**DATA RECORDS:**
━━━━━━━━━━━━━━━━━━━━

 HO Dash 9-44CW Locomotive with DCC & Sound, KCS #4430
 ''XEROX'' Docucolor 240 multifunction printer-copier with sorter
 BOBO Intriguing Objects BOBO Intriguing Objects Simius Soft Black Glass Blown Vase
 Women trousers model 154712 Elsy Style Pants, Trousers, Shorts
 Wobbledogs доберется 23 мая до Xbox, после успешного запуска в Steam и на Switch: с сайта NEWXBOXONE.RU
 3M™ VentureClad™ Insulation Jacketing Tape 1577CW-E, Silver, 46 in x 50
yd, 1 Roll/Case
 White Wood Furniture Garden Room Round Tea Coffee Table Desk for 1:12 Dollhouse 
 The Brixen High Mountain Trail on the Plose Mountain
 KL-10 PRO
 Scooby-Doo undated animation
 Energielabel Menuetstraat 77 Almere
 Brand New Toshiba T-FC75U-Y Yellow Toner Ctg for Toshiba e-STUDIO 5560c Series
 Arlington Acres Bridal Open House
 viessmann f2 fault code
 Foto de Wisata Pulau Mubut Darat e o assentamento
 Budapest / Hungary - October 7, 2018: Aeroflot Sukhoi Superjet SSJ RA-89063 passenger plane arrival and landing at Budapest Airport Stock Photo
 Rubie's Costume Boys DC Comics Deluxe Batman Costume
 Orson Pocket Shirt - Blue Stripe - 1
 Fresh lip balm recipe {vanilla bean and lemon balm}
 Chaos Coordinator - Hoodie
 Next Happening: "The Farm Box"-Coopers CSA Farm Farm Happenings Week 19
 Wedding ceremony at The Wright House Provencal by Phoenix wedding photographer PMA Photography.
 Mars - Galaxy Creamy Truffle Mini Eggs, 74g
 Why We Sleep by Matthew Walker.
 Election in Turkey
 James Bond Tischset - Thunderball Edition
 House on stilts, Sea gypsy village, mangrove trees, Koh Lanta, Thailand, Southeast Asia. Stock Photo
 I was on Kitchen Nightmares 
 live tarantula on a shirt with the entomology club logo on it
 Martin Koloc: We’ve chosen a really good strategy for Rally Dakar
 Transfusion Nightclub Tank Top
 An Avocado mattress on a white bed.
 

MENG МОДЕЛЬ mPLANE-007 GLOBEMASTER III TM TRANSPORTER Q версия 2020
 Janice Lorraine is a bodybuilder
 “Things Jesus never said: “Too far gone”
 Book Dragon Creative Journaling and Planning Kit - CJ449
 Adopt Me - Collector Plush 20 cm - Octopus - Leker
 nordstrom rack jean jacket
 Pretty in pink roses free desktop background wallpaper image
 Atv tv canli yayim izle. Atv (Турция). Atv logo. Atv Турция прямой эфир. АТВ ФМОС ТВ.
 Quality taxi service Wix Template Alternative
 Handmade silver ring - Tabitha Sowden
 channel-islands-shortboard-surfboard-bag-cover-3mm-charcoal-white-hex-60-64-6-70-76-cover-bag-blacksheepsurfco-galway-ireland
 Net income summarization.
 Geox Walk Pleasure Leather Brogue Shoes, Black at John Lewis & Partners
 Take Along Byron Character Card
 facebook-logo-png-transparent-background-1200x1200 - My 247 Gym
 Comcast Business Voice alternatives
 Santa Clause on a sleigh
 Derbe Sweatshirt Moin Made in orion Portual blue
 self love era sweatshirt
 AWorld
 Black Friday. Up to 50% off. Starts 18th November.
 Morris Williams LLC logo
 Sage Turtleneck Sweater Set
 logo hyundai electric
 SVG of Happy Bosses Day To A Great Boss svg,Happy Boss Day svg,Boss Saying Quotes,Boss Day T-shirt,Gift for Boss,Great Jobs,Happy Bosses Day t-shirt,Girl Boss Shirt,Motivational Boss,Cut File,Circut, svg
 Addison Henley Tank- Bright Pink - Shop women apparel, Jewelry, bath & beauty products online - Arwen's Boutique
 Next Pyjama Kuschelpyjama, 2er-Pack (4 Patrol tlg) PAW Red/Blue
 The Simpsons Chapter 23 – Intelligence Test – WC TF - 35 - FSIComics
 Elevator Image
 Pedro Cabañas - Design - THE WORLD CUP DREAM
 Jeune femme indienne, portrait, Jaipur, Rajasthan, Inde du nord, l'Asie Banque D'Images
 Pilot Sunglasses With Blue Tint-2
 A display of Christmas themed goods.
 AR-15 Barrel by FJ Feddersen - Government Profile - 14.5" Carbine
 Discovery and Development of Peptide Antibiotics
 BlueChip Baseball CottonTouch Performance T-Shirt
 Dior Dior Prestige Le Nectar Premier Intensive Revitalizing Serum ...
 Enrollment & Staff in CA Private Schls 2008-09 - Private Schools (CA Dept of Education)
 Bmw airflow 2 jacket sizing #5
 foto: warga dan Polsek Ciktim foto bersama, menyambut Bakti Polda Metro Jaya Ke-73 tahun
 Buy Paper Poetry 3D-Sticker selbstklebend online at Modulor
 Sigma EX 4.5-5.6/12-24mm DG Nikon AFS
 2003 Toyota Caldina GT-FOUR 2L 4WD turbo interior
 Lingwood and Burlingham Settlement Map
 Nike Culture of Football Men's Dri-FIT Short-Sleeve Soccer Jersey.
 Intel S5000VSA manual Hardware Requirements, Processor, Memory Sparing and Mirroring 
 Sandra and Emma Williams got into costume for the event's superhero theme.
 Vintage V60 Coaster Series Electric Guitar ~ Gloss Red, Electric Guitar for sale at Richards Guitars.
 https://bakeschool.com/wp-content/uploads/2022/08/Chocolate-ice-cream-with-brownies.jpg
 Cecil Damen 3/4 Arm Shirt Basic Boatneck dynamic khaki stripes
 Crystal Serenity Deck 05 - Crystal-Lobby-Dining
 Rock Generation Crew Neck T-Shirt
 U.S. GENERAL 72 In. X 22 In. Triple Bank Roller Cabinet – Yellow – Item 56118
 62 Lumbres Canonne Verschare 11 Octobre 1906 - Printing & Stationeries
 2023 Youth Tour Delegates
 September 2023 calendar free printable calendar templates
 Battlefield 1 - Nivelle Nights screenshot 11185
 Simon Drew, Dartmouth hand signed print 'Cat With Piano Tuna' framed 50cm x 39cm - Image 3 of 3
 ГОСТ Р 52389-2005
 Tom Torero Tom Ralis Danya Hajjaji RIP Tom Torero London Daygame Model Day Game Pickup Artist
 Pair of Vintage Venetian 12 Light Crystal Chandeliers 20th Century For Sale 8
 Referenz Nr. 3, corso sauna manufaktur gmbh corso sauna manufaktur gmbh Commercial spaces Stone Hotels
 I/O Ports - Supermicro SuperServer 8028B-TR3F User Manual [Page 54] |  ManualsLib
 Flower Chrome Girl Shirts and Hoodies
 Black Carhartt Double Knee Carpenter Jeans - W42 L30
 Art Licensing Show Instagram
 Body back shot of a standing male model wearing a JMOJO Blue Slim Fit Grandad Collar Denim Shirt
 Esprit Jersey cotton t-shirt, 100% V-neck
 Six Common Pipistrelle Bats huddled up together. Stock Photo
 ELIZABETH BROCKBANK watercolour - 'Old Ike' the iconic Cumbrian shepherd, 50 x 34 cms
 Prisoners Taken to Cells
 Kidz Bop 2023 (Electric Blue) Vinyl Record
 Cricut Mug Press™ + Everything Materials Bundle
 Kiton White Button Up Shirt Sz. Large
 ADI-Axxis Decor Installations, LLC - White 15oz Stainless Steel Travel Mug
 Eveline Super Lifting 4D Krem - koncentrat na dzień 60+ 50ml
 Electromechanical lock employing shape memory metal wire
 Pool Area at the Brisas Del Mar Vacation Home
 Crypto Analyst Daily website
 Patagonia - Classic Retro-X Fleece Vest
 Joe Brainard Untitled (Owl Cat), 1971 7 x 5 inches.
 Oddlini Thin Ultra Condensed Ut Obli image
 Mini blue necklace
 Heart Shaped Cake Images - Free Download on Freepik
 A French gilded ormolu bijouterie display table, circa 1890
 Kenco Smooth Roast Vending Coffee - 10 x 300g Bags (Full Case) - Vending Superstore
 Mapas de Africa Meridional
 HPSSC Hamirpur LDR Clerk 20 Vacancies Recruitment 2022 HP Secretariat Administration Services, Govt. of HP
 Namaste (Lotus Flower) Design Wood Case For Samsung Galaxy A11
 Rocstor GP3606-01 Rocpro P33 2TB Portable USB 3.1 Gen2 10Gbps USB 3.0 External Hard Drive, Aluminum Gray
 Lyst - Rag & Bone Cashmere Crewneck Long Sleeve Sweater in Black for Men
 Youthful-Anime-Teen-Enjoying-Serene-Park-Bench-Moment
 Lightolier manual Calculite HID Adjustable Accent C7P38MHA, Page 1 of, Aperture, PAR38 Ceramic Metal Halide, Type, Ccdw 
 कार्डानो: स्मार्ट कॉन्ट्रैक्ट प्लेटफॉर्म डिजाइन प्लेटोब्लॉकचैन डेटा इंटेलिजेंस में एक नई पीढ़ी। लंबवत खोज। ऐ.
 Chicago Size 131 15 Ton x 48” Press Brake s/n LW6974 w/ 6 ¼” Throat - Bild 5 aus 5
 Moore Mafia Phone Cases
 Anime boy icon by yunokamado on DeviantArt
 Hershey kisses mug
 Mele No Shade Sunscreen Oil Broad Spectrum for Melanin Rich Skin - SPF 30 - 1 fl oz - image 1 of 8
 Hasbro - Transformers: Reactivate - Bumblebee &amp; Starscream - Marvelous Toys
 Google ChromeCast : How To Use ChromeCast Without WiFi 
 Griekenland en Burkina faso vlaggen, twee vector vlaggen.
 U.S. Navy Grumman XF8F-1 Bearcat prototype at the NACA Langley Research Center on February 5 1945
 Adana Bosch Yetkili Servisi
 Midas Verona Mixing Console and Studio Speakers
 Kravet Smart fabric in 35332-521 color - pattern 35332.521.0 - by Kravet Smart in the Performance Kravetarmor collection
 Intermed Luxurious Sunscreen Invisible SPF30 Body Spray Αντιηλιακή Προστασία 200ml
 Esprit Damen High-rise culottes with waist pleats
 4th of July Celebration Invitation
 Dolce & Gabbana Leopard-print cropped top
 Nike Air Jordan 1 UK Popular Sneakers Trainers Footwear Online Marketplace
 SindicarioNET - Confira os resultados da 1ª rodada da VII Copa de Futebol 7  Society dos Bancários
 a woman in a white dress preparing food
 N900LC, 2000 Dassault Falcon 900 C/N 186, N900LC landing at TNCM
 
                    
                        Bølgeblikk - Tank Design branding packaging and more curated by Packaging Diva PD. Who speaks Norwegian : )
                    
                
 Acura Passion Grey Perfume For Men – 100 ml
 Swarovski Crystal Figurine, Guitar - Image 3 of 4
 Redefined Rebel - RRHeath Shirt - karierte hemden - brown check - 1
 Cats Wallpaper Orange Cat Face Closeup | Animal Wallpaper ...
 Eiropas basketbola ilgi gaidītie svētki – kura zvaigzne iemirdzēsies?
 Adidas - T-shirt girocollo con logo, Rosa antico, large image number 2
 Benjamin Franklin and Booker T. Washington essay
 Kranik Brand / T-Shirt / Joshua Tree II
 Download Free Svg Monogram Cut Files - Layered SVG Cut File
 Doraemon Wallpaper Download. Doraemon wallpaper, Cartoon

━━━━━━━━━━━━━━━━━━━━

**TASK INSTRUCTIONS:**
Scan the lines above for the word "Press", then copy each line that has it.

**SOLUTION TO THIS PROBLEM:**
 Cricut Mug Press™ + Everything Materials Bundle
 Chicago Size 131 15 Ton x 48” Press Brake s/n LW6974 w/ 6 ¼” Throat - Bild 5 aus 5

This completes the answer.